È il momento del konjac, il tubero giapponese quasi a zero calorie, che sazia e non fa ingrassare. Conosciuto e diffuso da sempre in Oriente, da qualche tempo se ne parla anche in Italia; un po' per la capillare opera di informazione sulla cultura del cibo giapponese portata avanti attraverso Expo 2015, un po' perché il konjac rende possibile il miracolo: mangiarsi un piatto di "spaghetti" (noodles) senza sensi di colpa.
Il konjac viene coltivato un po' ovunque in Giappone ma le radici appena colte non sono commestibili. Vengono lavorate in aziende specializzate, che le trasformano in farina. Successivamente dalla farina si ricavano diversi prodotti: i più diffusi sono gli shirataki (noodles) appunto e gli Ita Konjac, panetti gelatinosi, ma in realtà c'è molto altro, come si vede dalla foto sotto al titolo. Nelle famiglie giapponesi per esempio, il konjac è usato per particolari piatti bolliti detti Oden e Nimono.
La sua coltivazione è in realtà complessa: i tuberi-seme vengono piantati a maggio e raccolti verso novembre. Durante la loro prima stagione invernale vengono conservati in magazzini e l'anno successivo, ancora a maggio, ripiantati nei campi. A novembre vengono nuovamente raccolti e messi sul mercato. Spesso il processo viene ripetuto ancora una volta per l'intero ciclo. Passano così circa 2 o 3 anni dalla prima piantumazione alla commercializzazione.

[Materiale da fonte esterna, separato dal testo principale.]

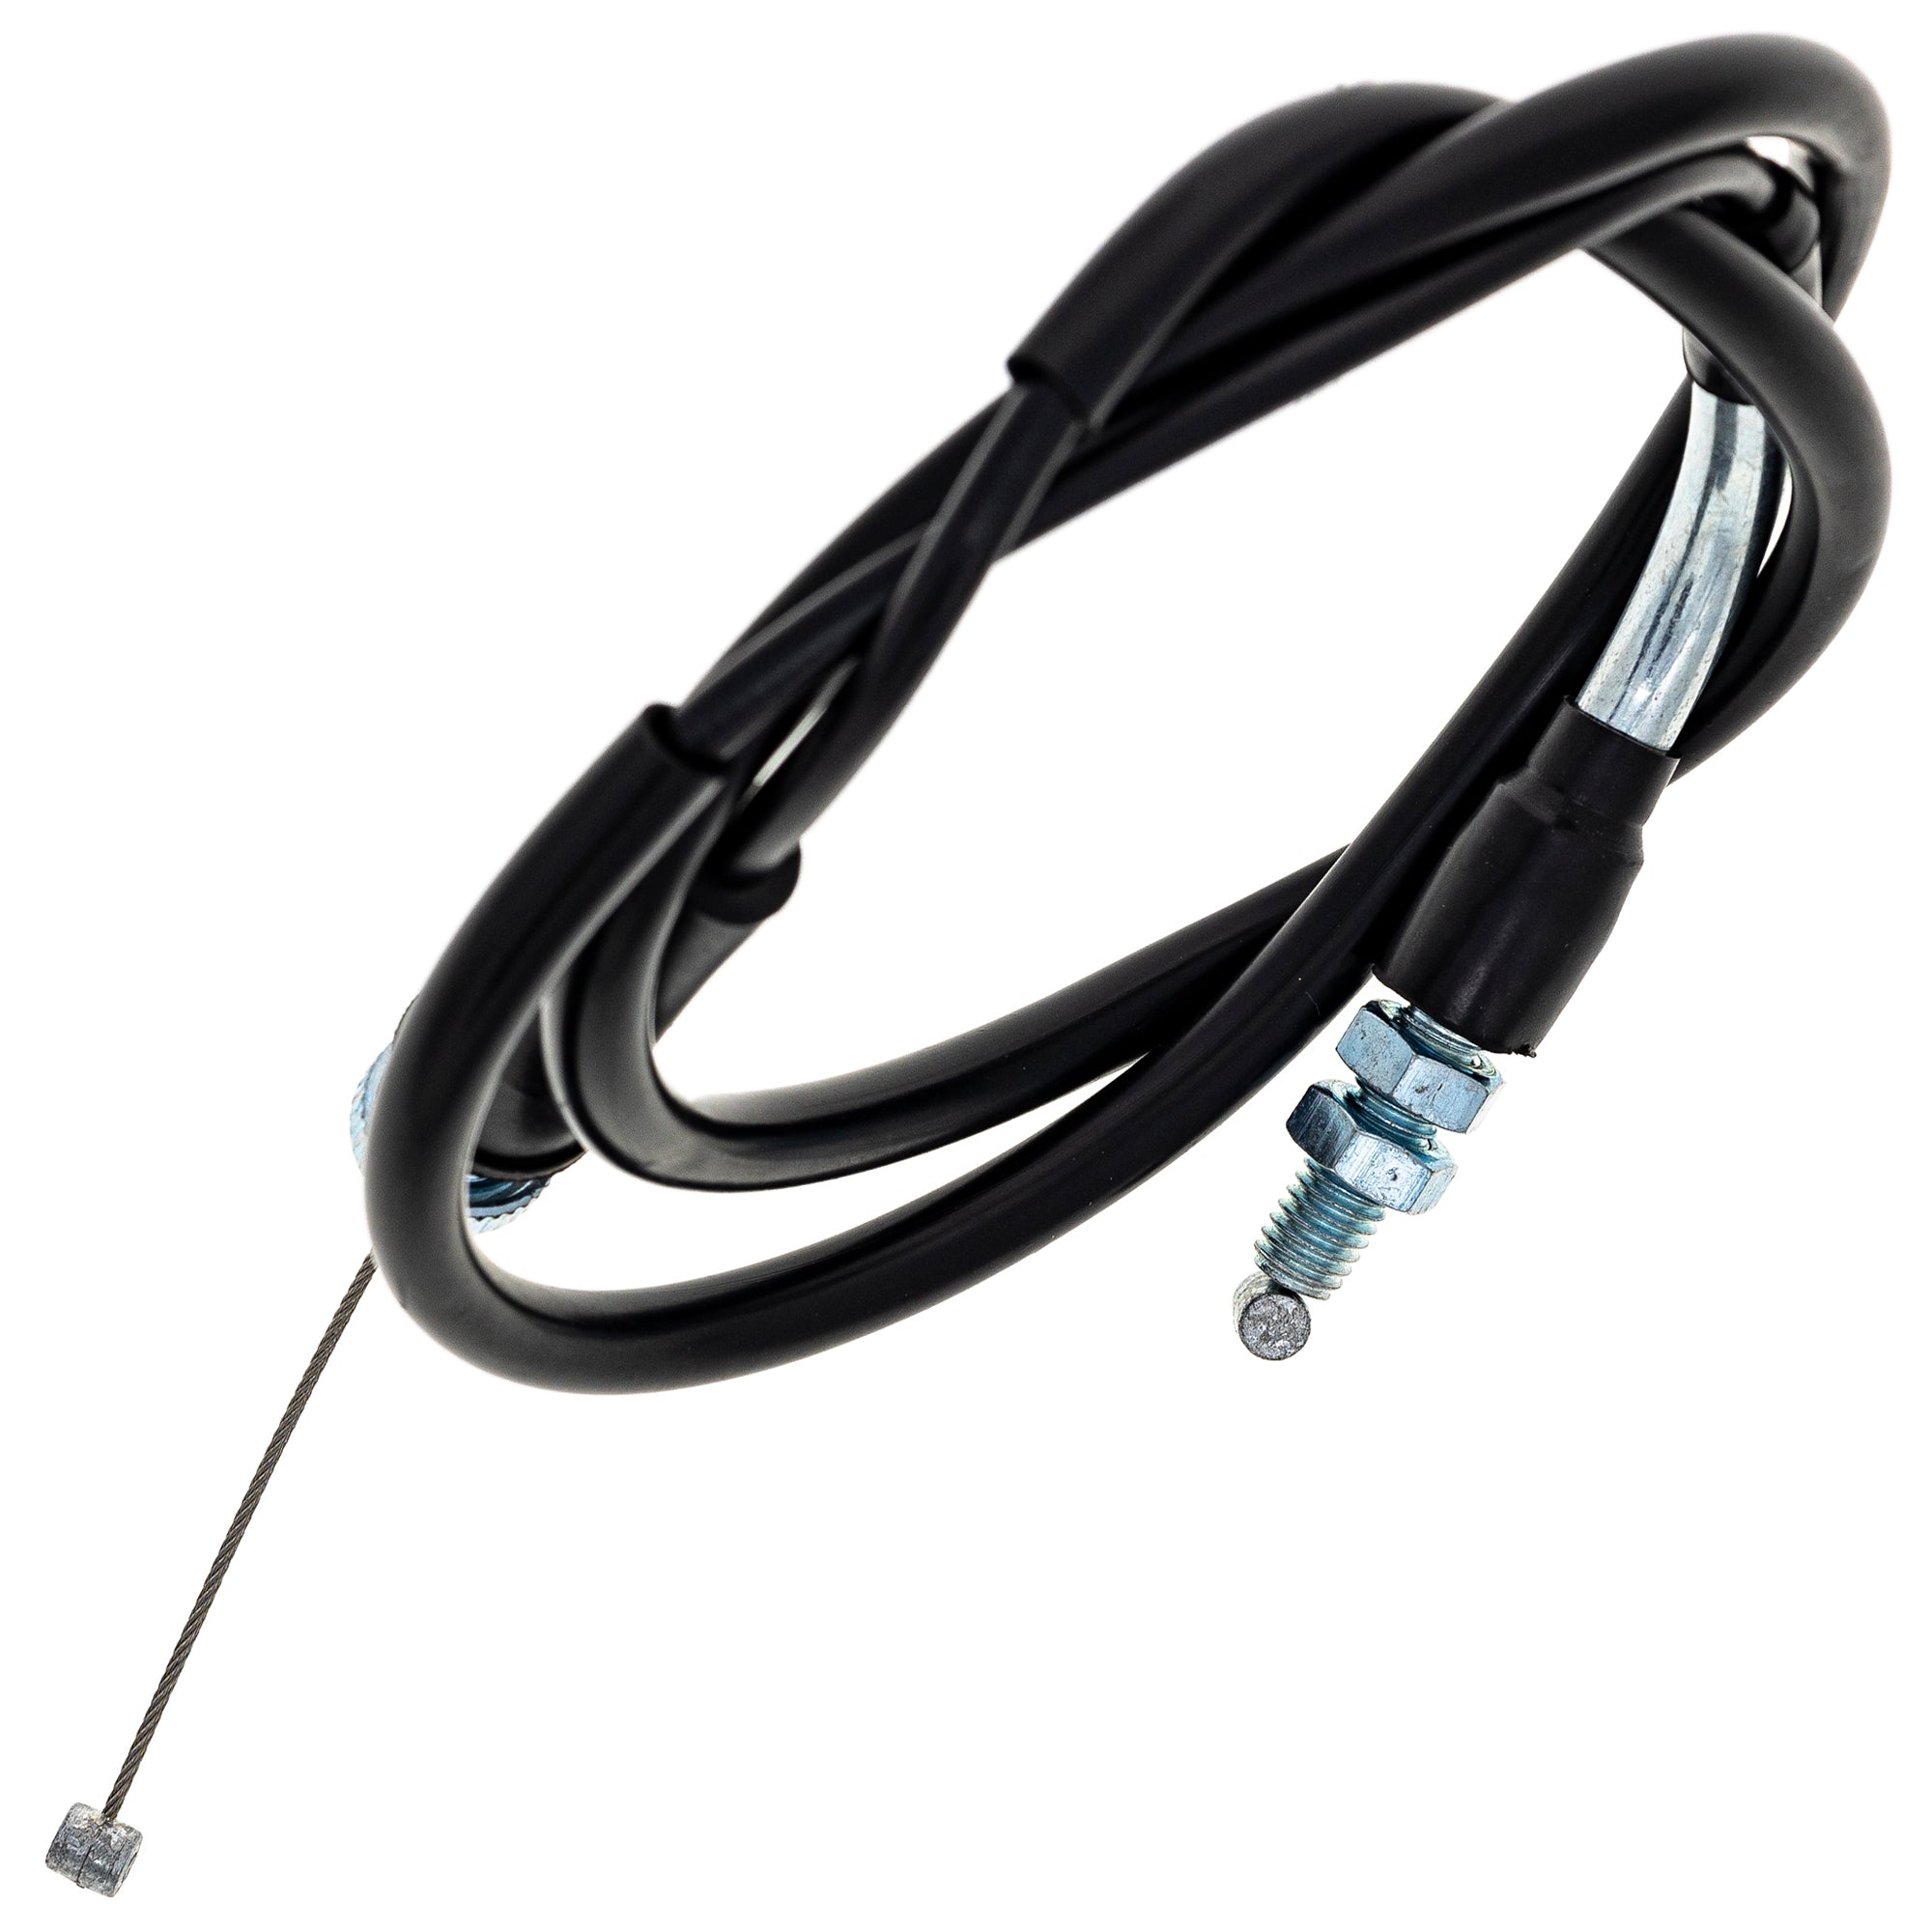 Throttle Cable for Suzuki Quadsport Z400 LTZ400 58300-33H01

Le caratteristiche principali del Konjac sono le pochissime calorie, unite a una grande ricchezza di fibre e minerali come calcio, fosforo, ferro, zinco, manganese e all'assenza di glutine. L'apporto proteico è del 10 per cento. Si tratta quindi di un alimento nutriente in grado di contrastare gli stati di astenia e affaticamento e a cui si attribuiscono proprietà antiossidanti e di prevenzione contro l'invecchiamento cellulare.
In più le fibre alimentari del konjac (konnyakumannano, spesso indicato come glucomannano) quando si uniscono all'acqua si gonfiano e la loro digestione è lenta. Danno quindi un senso di sazietà che dura a lungo reprimendo lo stimolo dell'appetito.

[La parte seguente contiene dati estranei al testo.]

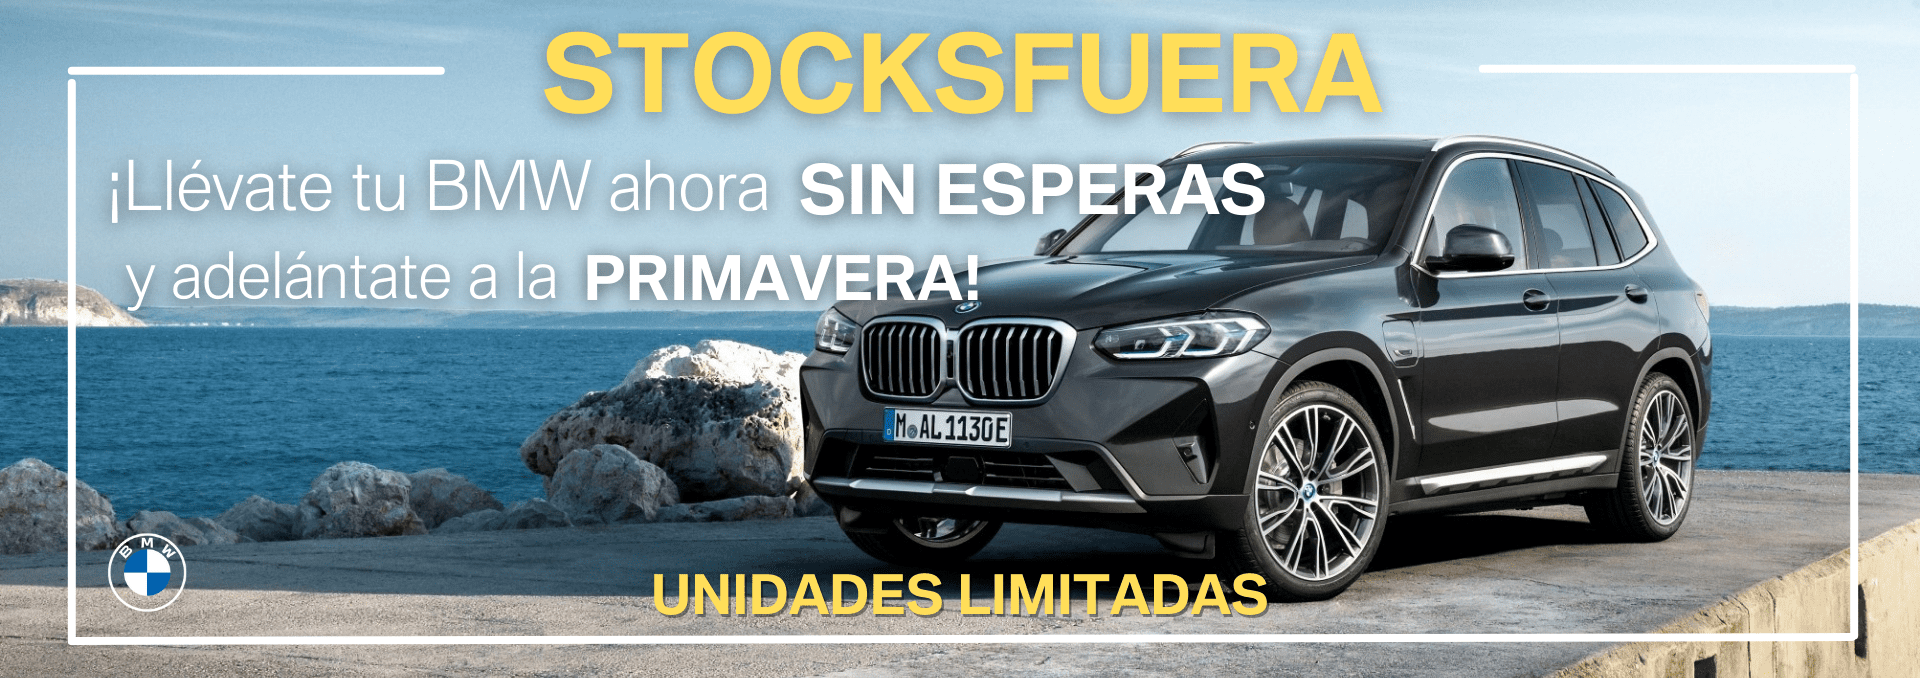 BMW stock limitado

Come gusto, questa tubero è praticamente insapore e si trasforma a seconda di come viene utilizzato: condito in mille modi diversi nei piatti salati, profumato e addolcito nei dessert.
Un cibo, quindi, insapore? Noi di Sale&Pepe l'abbiamo assaggiato, durante una serata organizzata dalla Prefettura di Gunma presso il ristorante Sushi B di Milano, accompagnati da Anna Meroni, Professore associato di design al Politecnico di Milano e Ambassador della Prefettura.
Lo chef Nobuya Niimori ha preparato per noi diversi piatti, tra cui tagliatelle di konjac con pesto di shiso e tartare di gamberi rossi (nella foto).
E anche un delizioso dessert composto da dream cioccolatini, plum cake al Matcha e vaniglia, sorbetto di juzu e uva fragola, il tutto con il Konjac come ingrediente base (nella foto).
Manco a dirlo, era tutto squisito. Ma quello che maggiormente sorprende è la straordinaria versatilità di questo alimento, ora compatto, ora gelatinoso, addensante cremoso di una salsa o usato per dare corpo a una mousse. Tanti, diversi peccati di gola insomma: che, viste le basse calorie, si possono commettere a cuor leggero.